My current trains are Bachman "Big Haulers" which are indeed 1:22.5 scale. But I'm hoping to eventually replace these trains with my own home-built trains. And I would actually like to build my trains in 1:32 scale to better match my dioramas. 

Apparently I'll be able to do that and retain the same size track the whole way through. That's makes it really nice. 

In the meantime I'll need to build this covered bridge large enough to accommodate my 1:22.5 trains. 

If I put any up for sale I'll just say that they are 1:22.5 scale, and call out the actual dimensions. That way I won't need to worry about calling them "G-scale".


----------



## Gramps

G scale is unlike all the others because of the different sizes.

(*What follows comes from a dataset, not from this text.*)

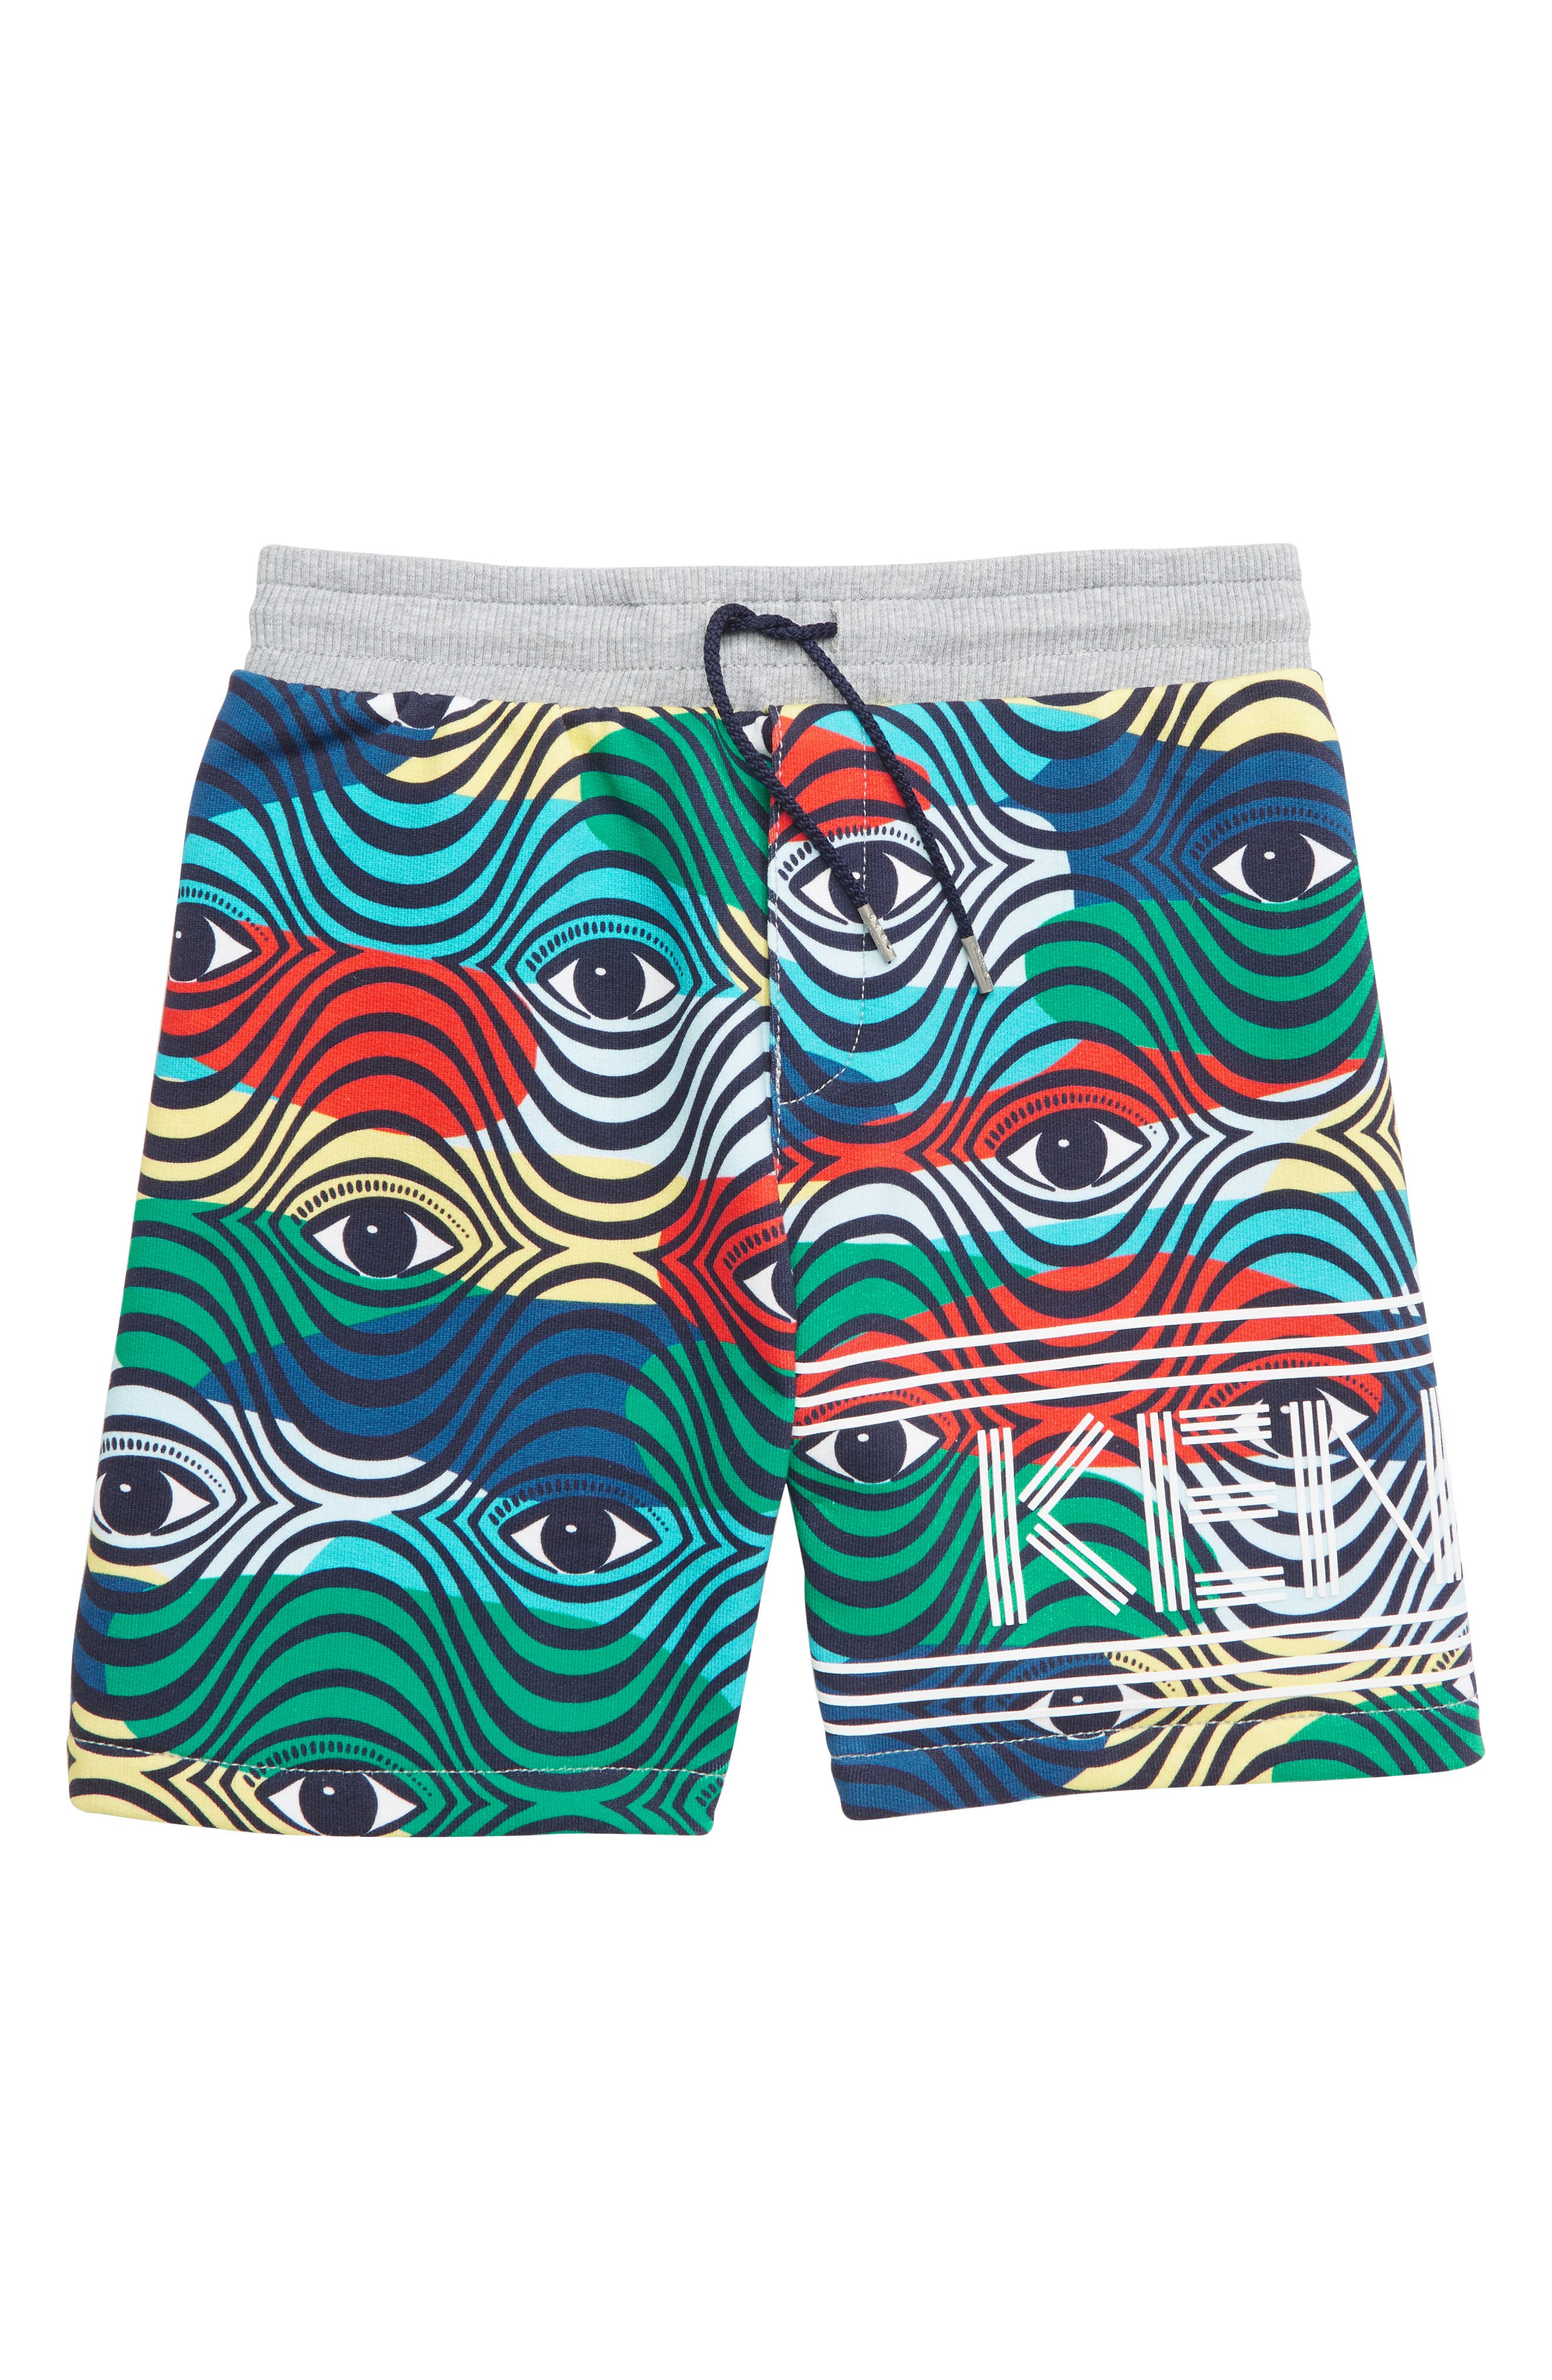 KENZO Print Fleece Bermuda Shorts, Main, color, MULTICOLORED
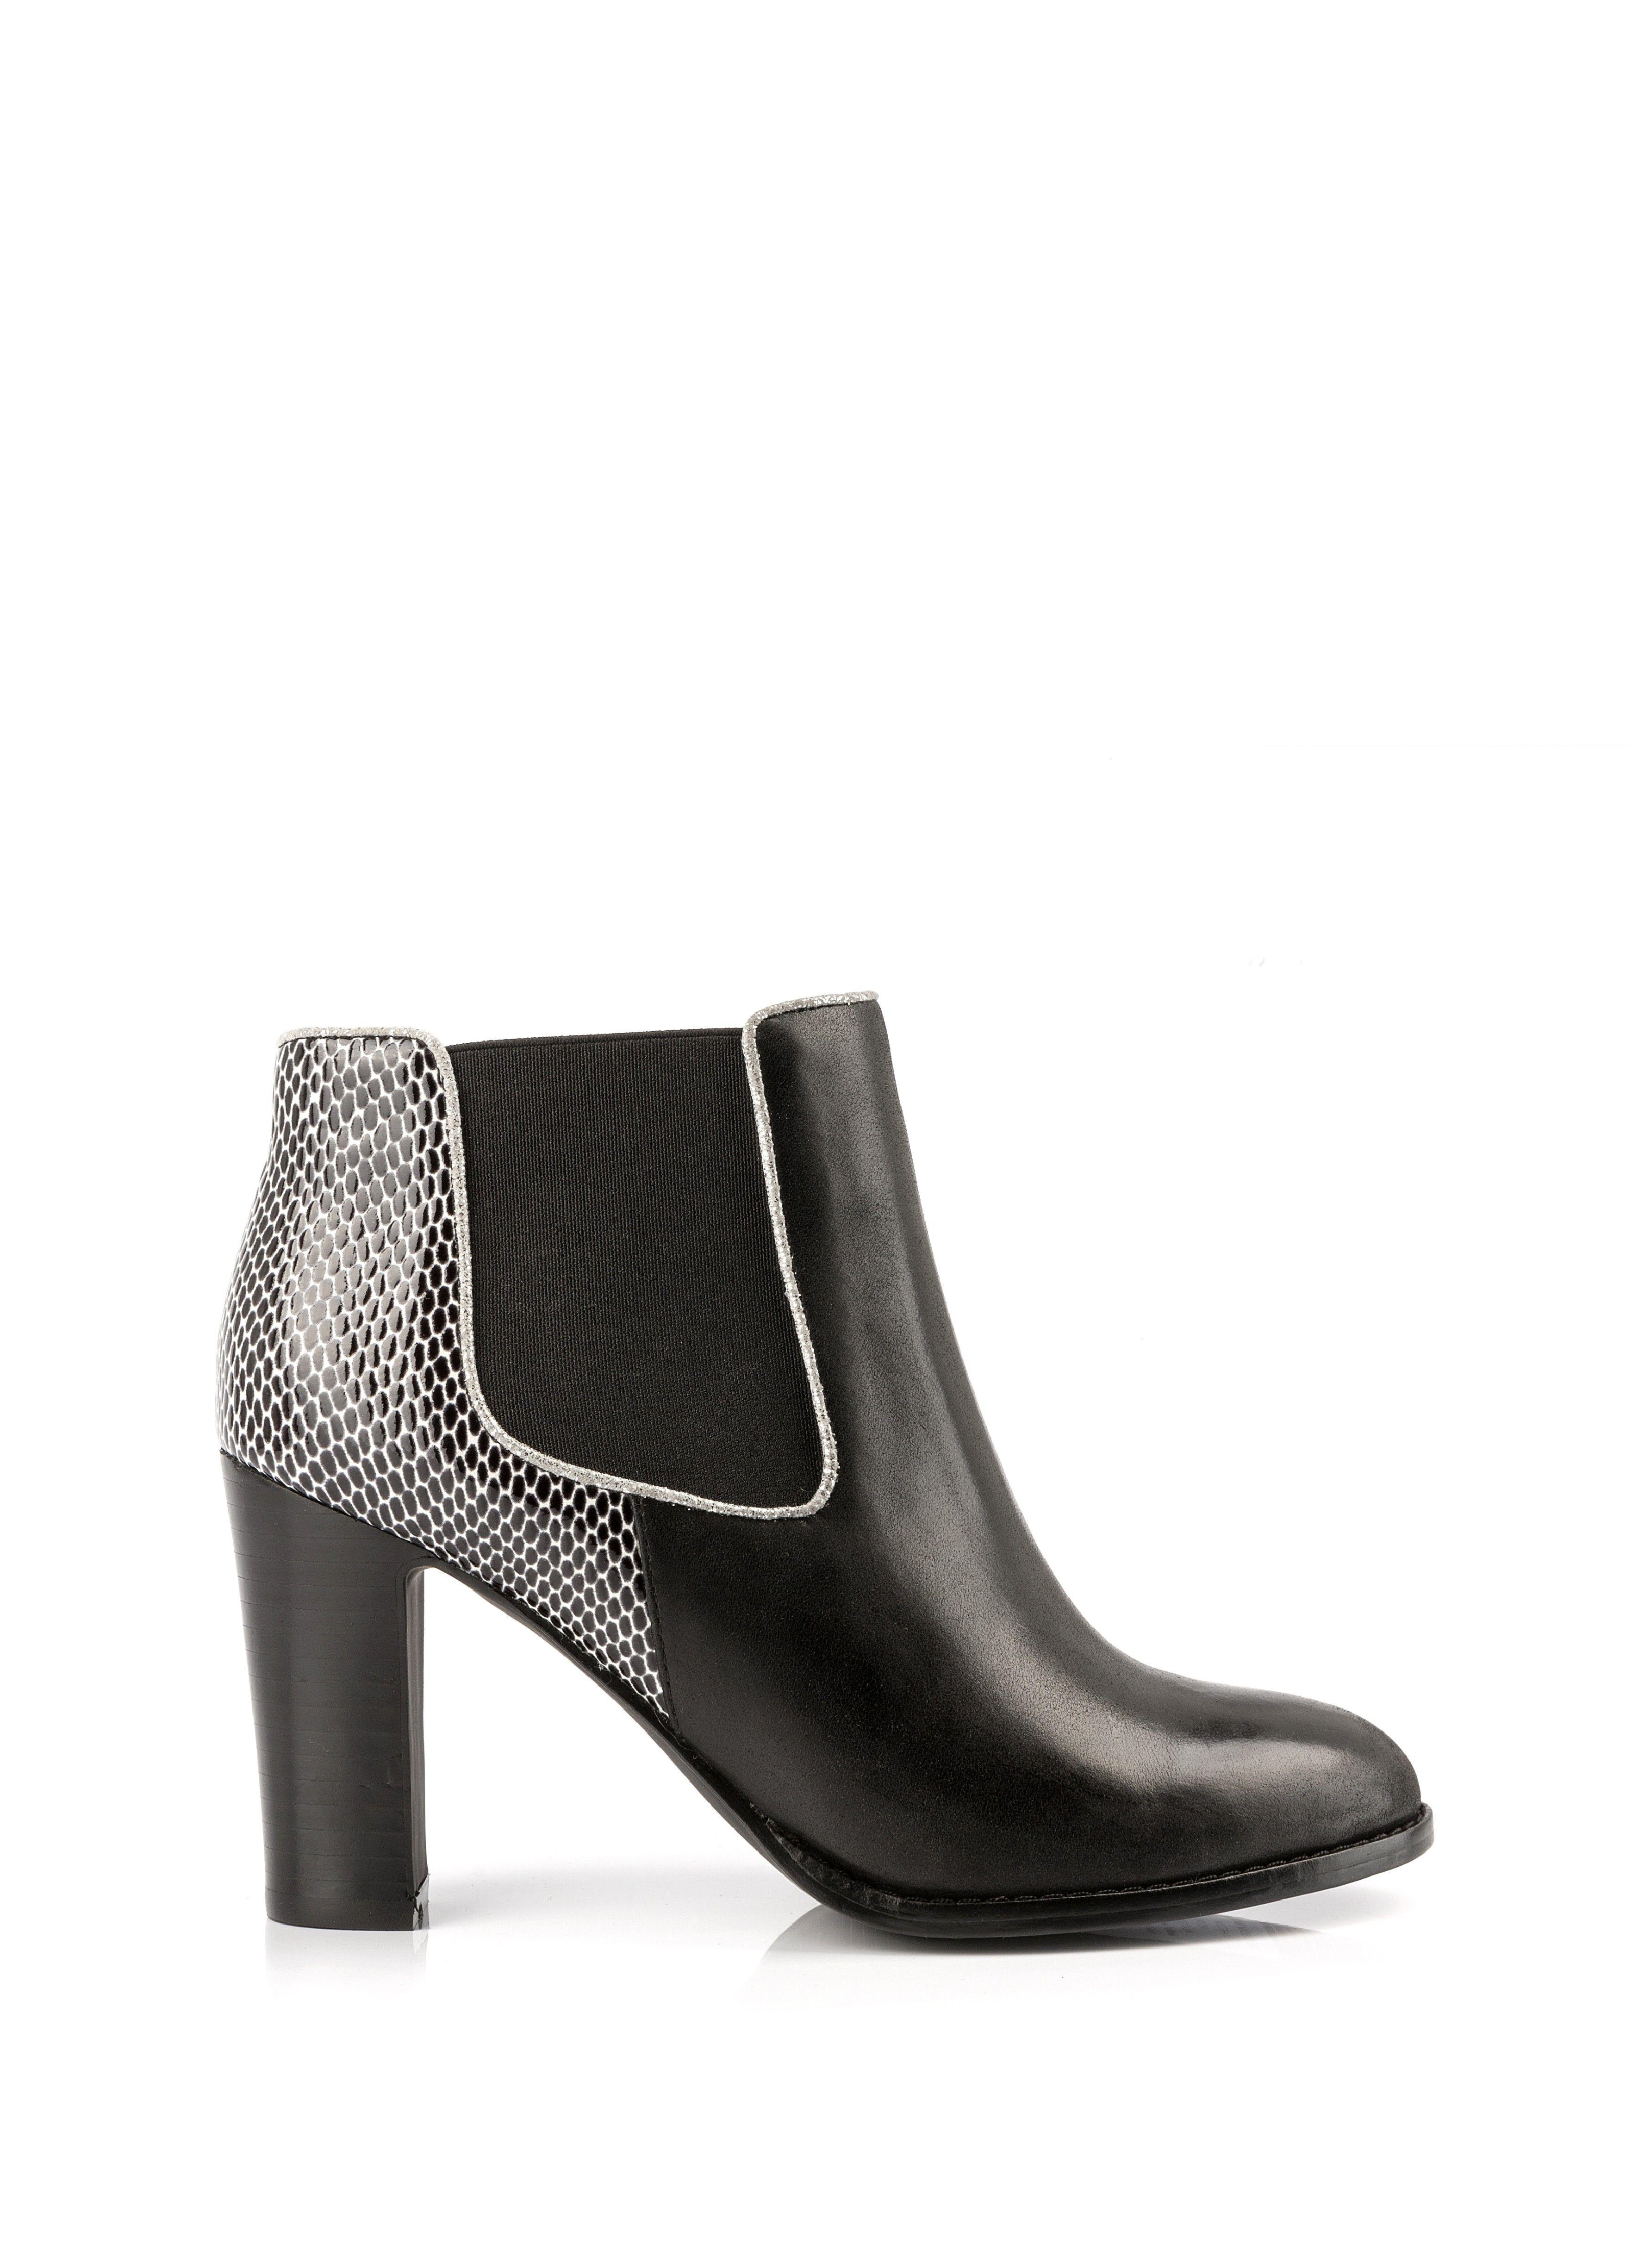 bottine à talon tazia noir - chaussures femme - femme mellow

If you are modeling standard gauge then 1:32 is in proportion to the track size. 1:20 and 1:22 are roughly in proportion to some narrow gauges. 1:24 is half inch equals 1 foot and 1:29 is exactly 3 times HO. It gets really crazy when you try to find buildings and automobiles to match your size.


----------



## T-Man

There is a Covered Bridge Museum in Bennington VT
Google Image "Covered Bridge" to get some ideas.


----------



## Dennis Rayon

Just remember to count for your track height, around 1/2" tall
I would make it at least 10" tall and 8" wide, that way more of your work will be visible from the ends.
1/2" to a foot is an easy scale to model in. Anything close to that will work, This job would be much easier with a pinner, headless pinner prefered. only Grex makes 3/8" pins, so if you use 1/2" pins you will need to plan around pinning two pieces together.
Good luck and please post pictures
Dennis


----------